I have always had a deep insecurity when it comes to my weight. I believe many people have this insecurity. It has affected me ever since I was a little girl. I knew I wasn’t thin and I had to be extra careful what I ate and when I ate it. Still, no matter how much weight I lost I always thought I could lose more. Until I looked like the girl smiling in a clothing ad or the girl that could fearlessly wear whatever she wanted I couldn’t understand pure happiness.
Freshman year of college I was terrified of that phrase “freshman 15”. I stayed away from gaining any weight and it got pretty bad. Sure, I dropped a lot of weight by the end of freshman year. But by the time summer came I was underweight, eating two meals a day. Mostly veggies and half a tuna sandwich or a couple pieces of sushi. I worked out two hours every day and drank so much water to ignore that “hungry” feeling. It got so bad that I got sick. Making sure nobody knew about it, I kept a smile on my face and made sure I was always spunky.
After getting medical attention, I knew I couldn’t continue like that. I had to make a change and start eating some food again. So I changed my ways, but I started growing so upset with myself. The stress in my life got worse. I felt like I had no control if I couldn’t under-eat. The weight came back on and so did my insecurities. I looked at people and the only thing I thought was they probably noticed my legs jiggling or the double chin showing. I felt like I was carrying myself in this fat-filled body. It got to the point where I’d stay in on the weekends because I didn’t want people to notice me. The scale number kept rising and I felt myself giving up.
One day I thought that this was me now. The girl hiding or knowing she shouldn’t be the one trying to buy the nice outfit because it won’t look good anyways. The girl who didn’t show her confidence because the way her body looked. Then I got tired of it. Every day was one negative thought after another, and I was ignoring me. I couldn’t be this forever; I couldn’t put a hold on my life because of my body. Who I am is worth it, but nobody will know I am worth it unless I know it for myself.

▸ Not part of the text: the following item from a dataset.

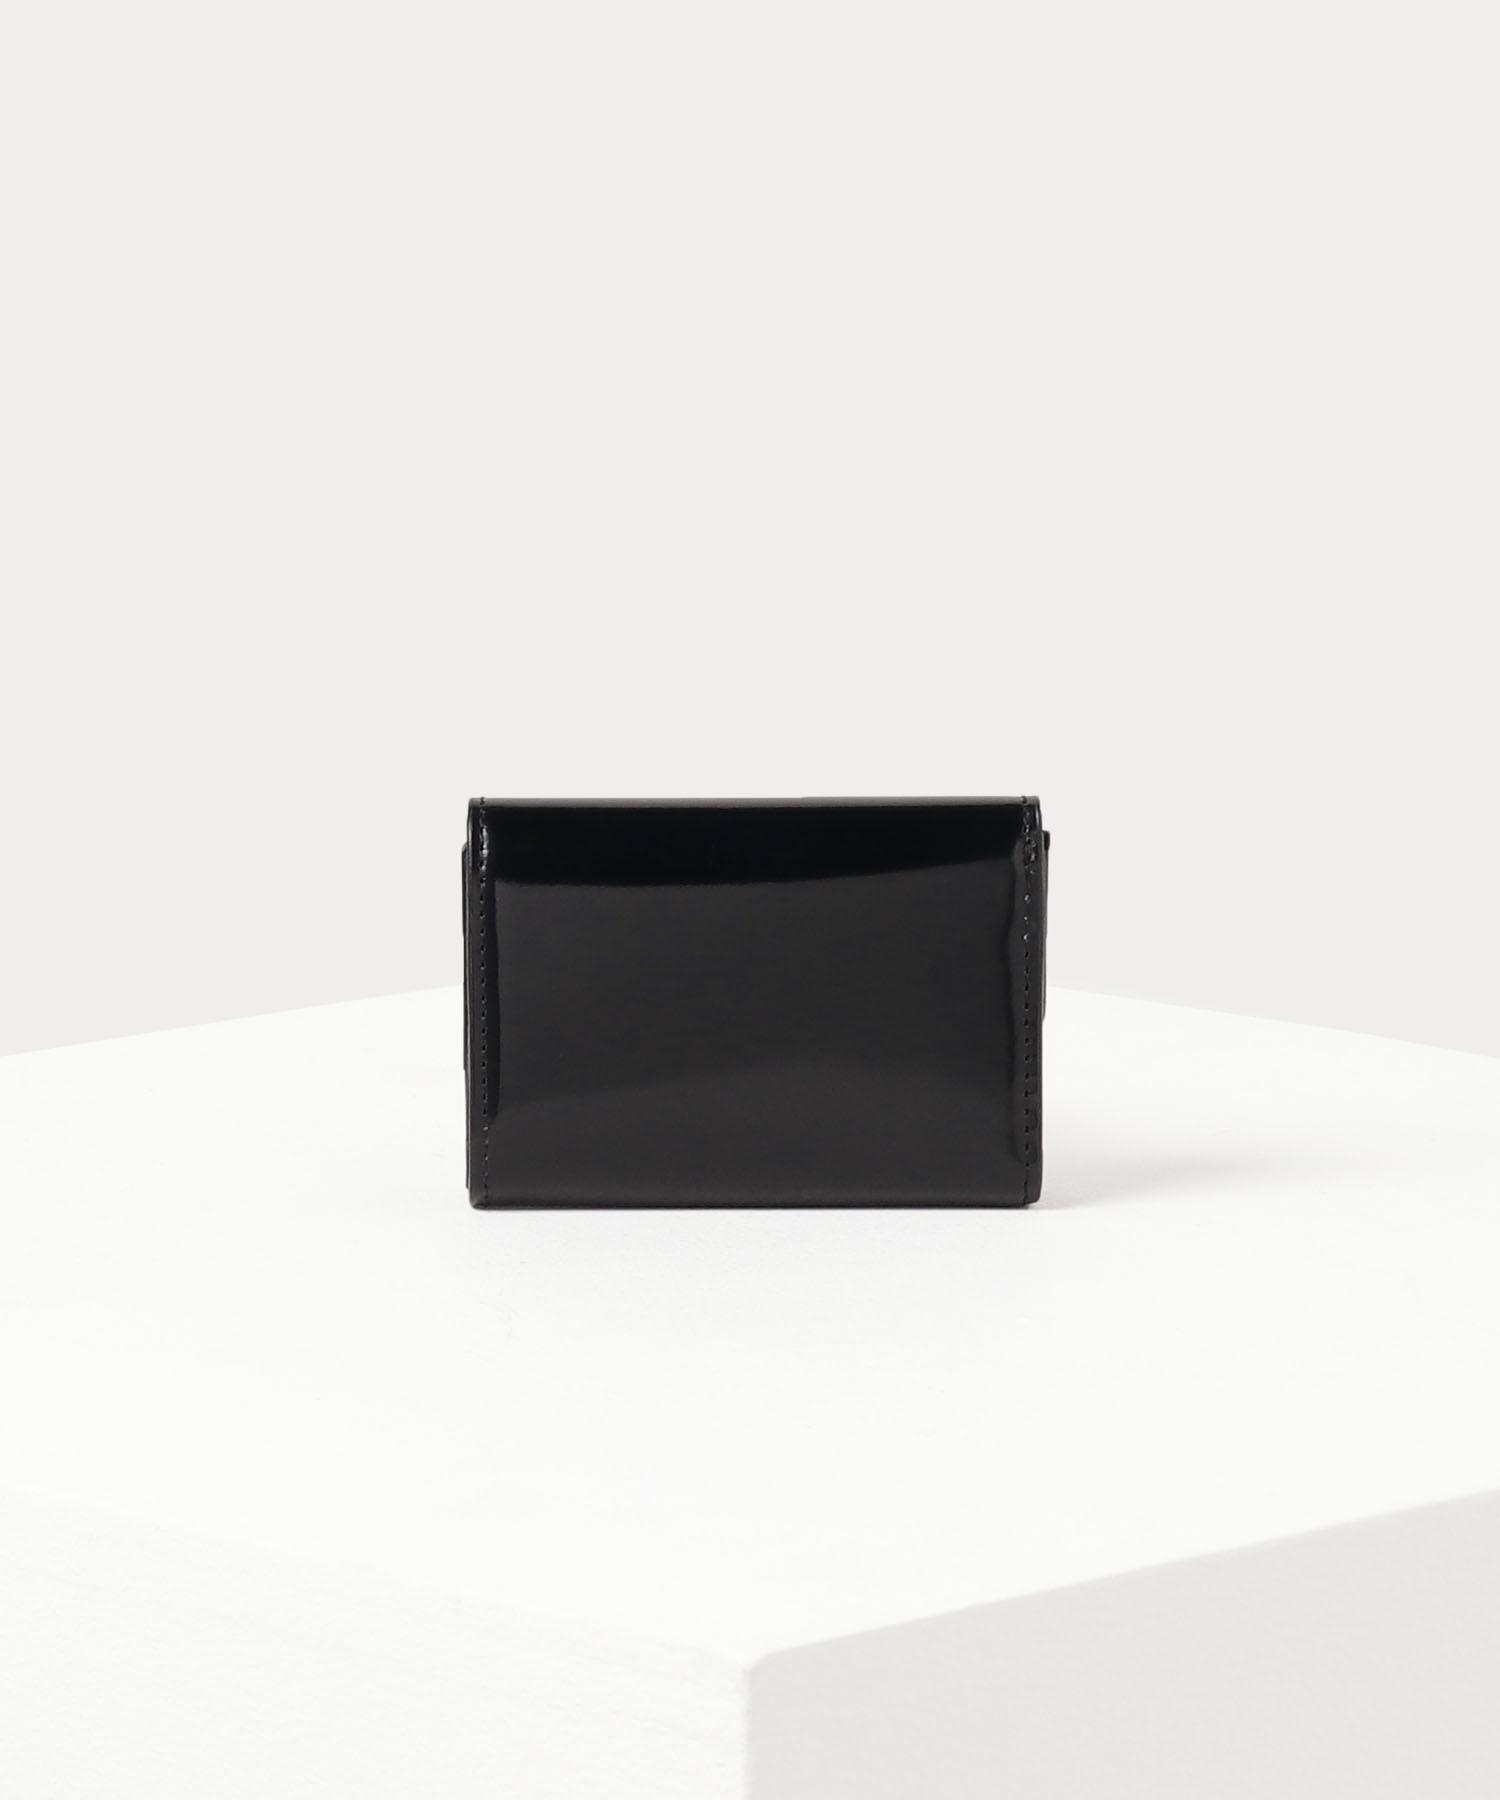 ADVAN 三つ折り財布

So I got back into working out, but I was afraid I’d go back to my old ways. To break my fear, I read a lot on how to correct your negative thoughts and stop attacking the way you look. I read about how as long as you are healthy it doesn’t matter where the fat is. The point was that I eat right and workout at least 3 times a week. I did this, and although this time around I wasn’t dropping 3-4 pounds every week, I knew I was becoming healthier. I knew I was doing the right thing for me. Even if that means it takes more time for my results.
Right now I don’t look like the girl in the clothing ad. I still have my weight that I have to work on. Right now I am actually healthy. I eat when I am hungry, and I work out a moderate amount. I hold the confidence to be proud of myself for knowing I take care of my body. If I could tell every female in the world that she looks beautiful being herself then I would. Your body doesn’t speak for your personality. Your body doesn’t communicate how amazing you are as an individual. Every person’s body is different and should be cared for. Your body is a physical form that you have to be treated with respect so that you can live a long, healthy, and happy life.